Résumé de la décision
M. A B, ressortissant malien, a demandé au juge des référés d'enjoindre à la préfète du Val-de-Marne de lui accorder un rendez-vous pour le renouvellement de son titre de séjour, ou, à défaut, de lui délivrer un récépissé de sa demande. Sa carte de séjour précédente avait expiré le 2 novembre 2023, et il avait déposé sa demande de renouvellement le 24 octobre 2023. Le juge a rejeté sa requête, considérant qu'une décision implicite de rejet était intervenue le 24 février 2024, rendant ainsi sa demande de rendez-vous ou de récépissé sans objet.
Arguments pertinents
1. Urgence et compétence : Le juge des référés a rappelé que, selon l'article L. 521-3 du code de justice administrative, il peut ordonner des mesures utiles en cas d'urgence, même sans décision administrative préalable. Cependant, il a constaté que la demande de M. B ne présentait pas un caractère d'urgence, car la décision implicite de rejet était déjà intervenue.
2. Décision implicite de rejet : Le juge a souligné que, conformément à l'article R. 432-1 du code de l'entrée et du séjour des étrangers et du droit d'asile, le silence de l'administration pendant quatre mois sur une demande de titre de séjour vaut décision implicite de rejet. En l'espèce, cette décision était intervenue le 24 février 2024, ce qui a eu pour effet de rendre la demande de M. B sans objet.
3. Absence de droit à un récépissé : Le juge a également précisé qu'après la décision implicite de rejet, M. B ne pouvait plus prétendre à la délivrance d'un récépissé ou d'une attestation de prolongation d'instruction, conformément à l'article R. 431-15-1 du même code.
Interprétations et citations légales
1. Article L. 521-3 du code de justice administrative : Cet article permet au juge des référés d'ordonner des mesures utiles en cas d'urgence.
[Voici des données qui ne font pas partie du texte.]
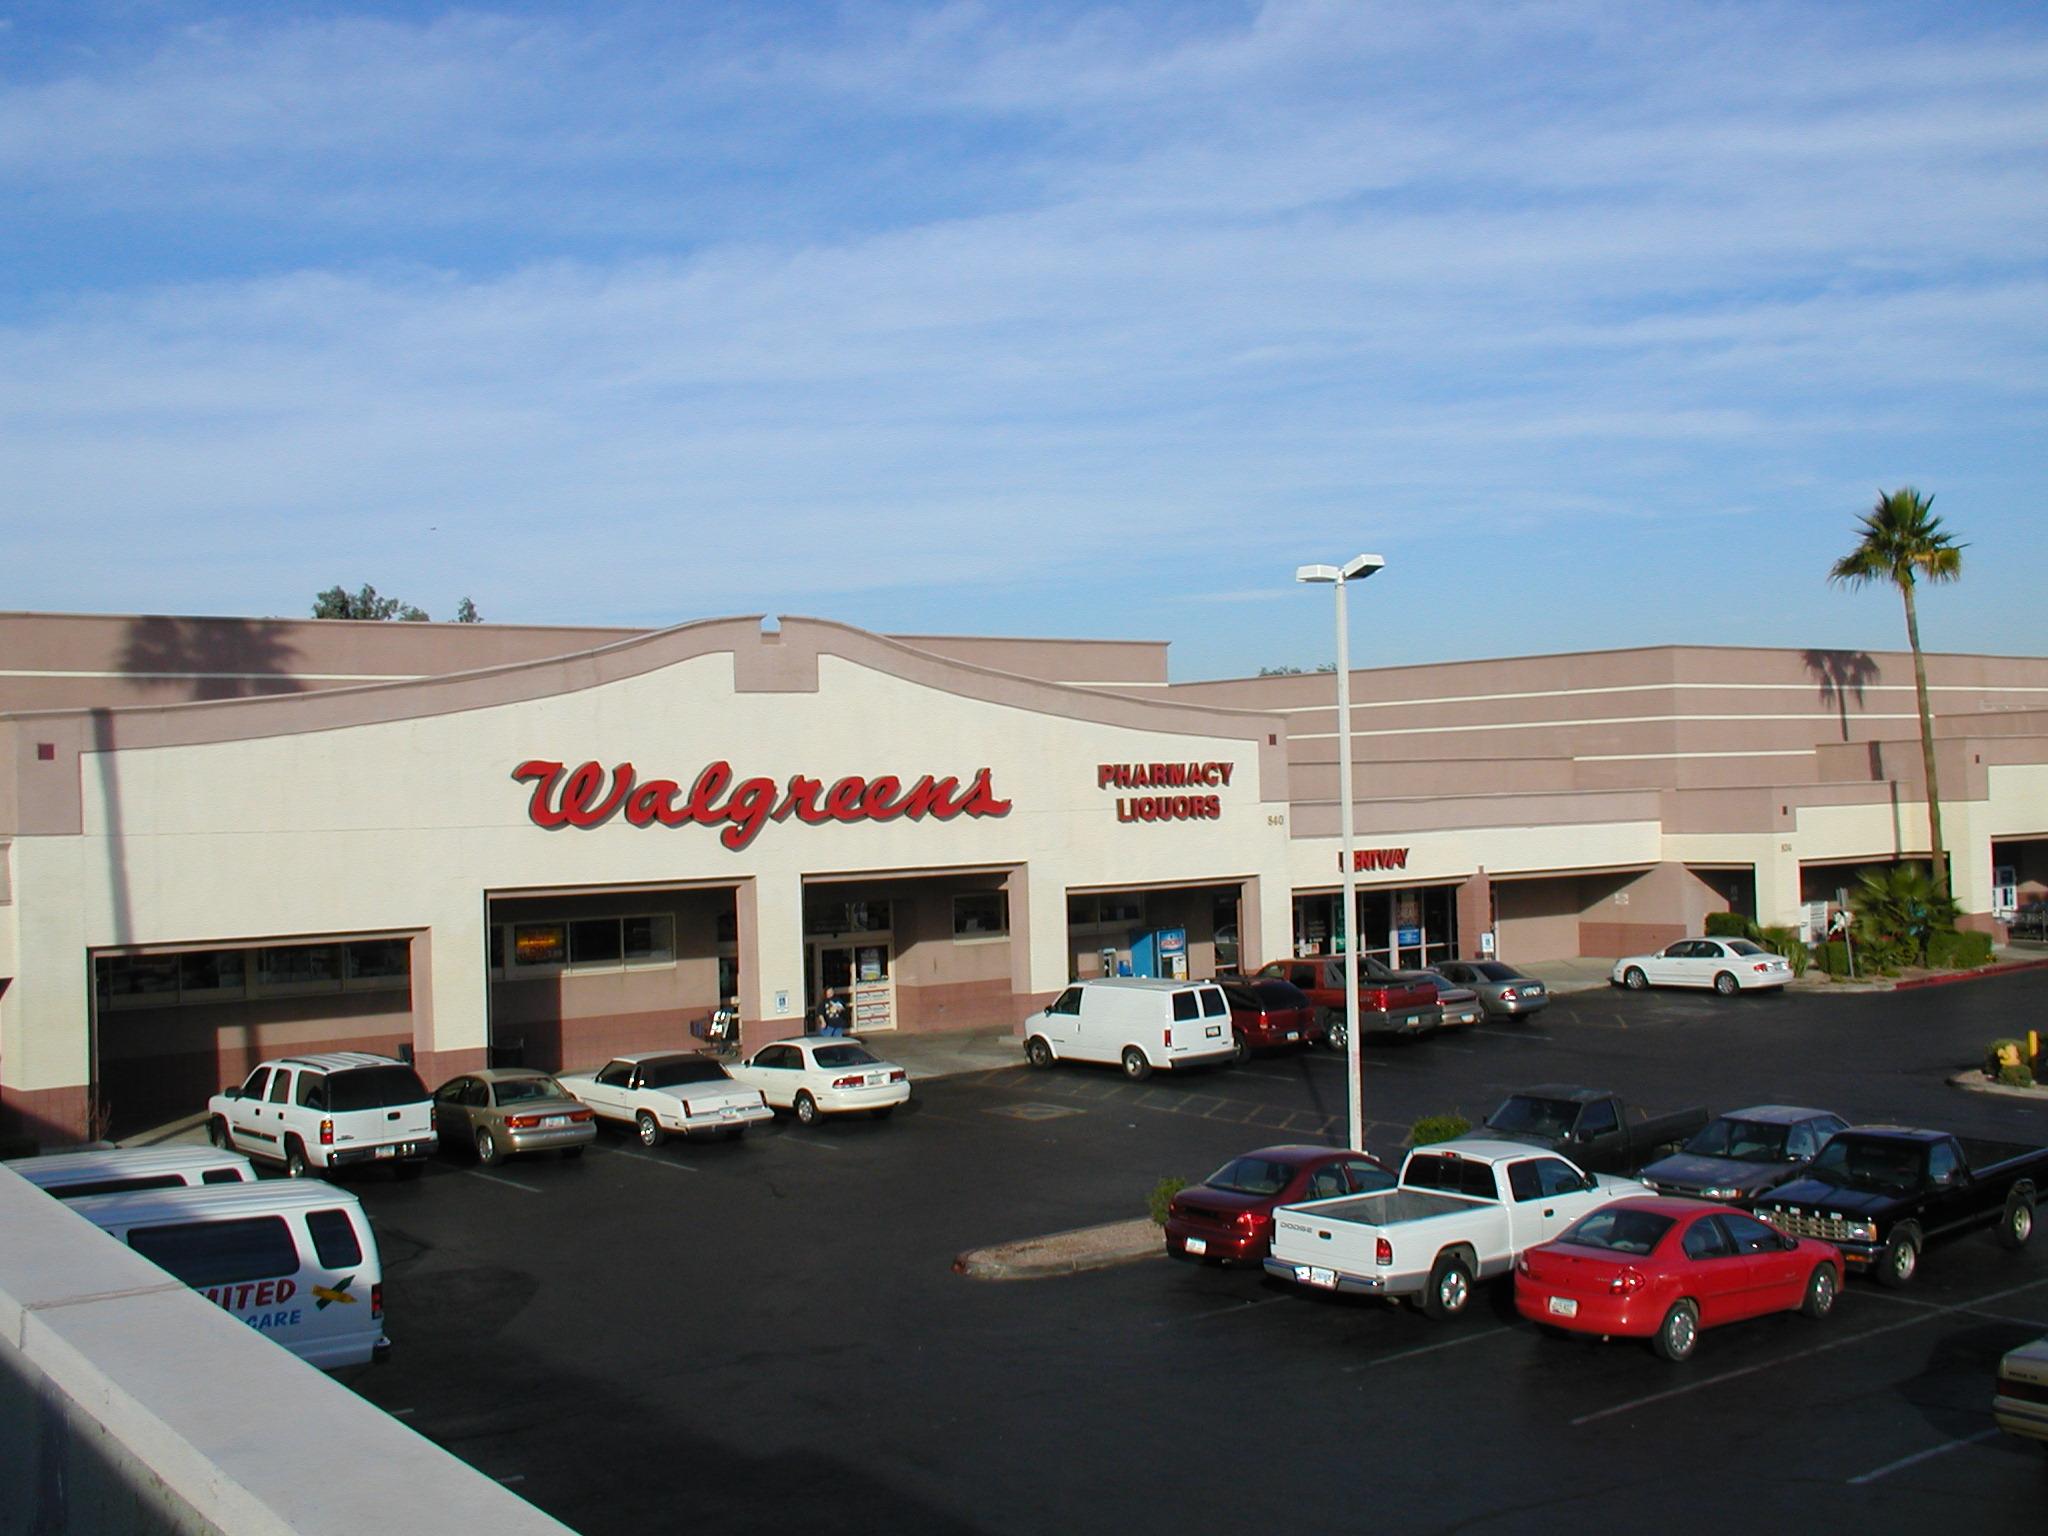 1012-11-03-wallgreens2.JPG

Toutefois, le juge a interprété que la situation de M. B ne justifiait pas une telle mesure, car la décision implicite de rejet avait déjà été prononcée.
2. Article R. 432-1 du code de l'entrée et du séjour des étrangers et du droit d'asile : Cet article stipule que "le silence gardé par l'autorité administrative sur les demandes de titres de séjour vaut décision implicite de rejet". Le juge a appliqué cette disposition pour conclure que la demande de M. B avait été rejetée par le silence de l'administration, ce qui a eu des conséquences sur sa capacité à obtenir un récépissé.
3. Article R. 431-15-1 du code de l'entrée et du séjour des étrangers et du droit d'asile : Cet article précise les conditions de délivrance de l'attestation de prolongation d'instruction. Le juge a noté que, suite à la décision implicite de rejet, M. B ne pouvait plus prétendre à cette attestation, ce qui a renforcé l'argument selon lequel sa demande était sans objet.
En conclusion, la décision du juge des référés repose sur une interprétation stricte des délais et des effets des décisions implicites de rejet, soulignant l'importance de la procédure administrative dans le domaine du droit des étrangers.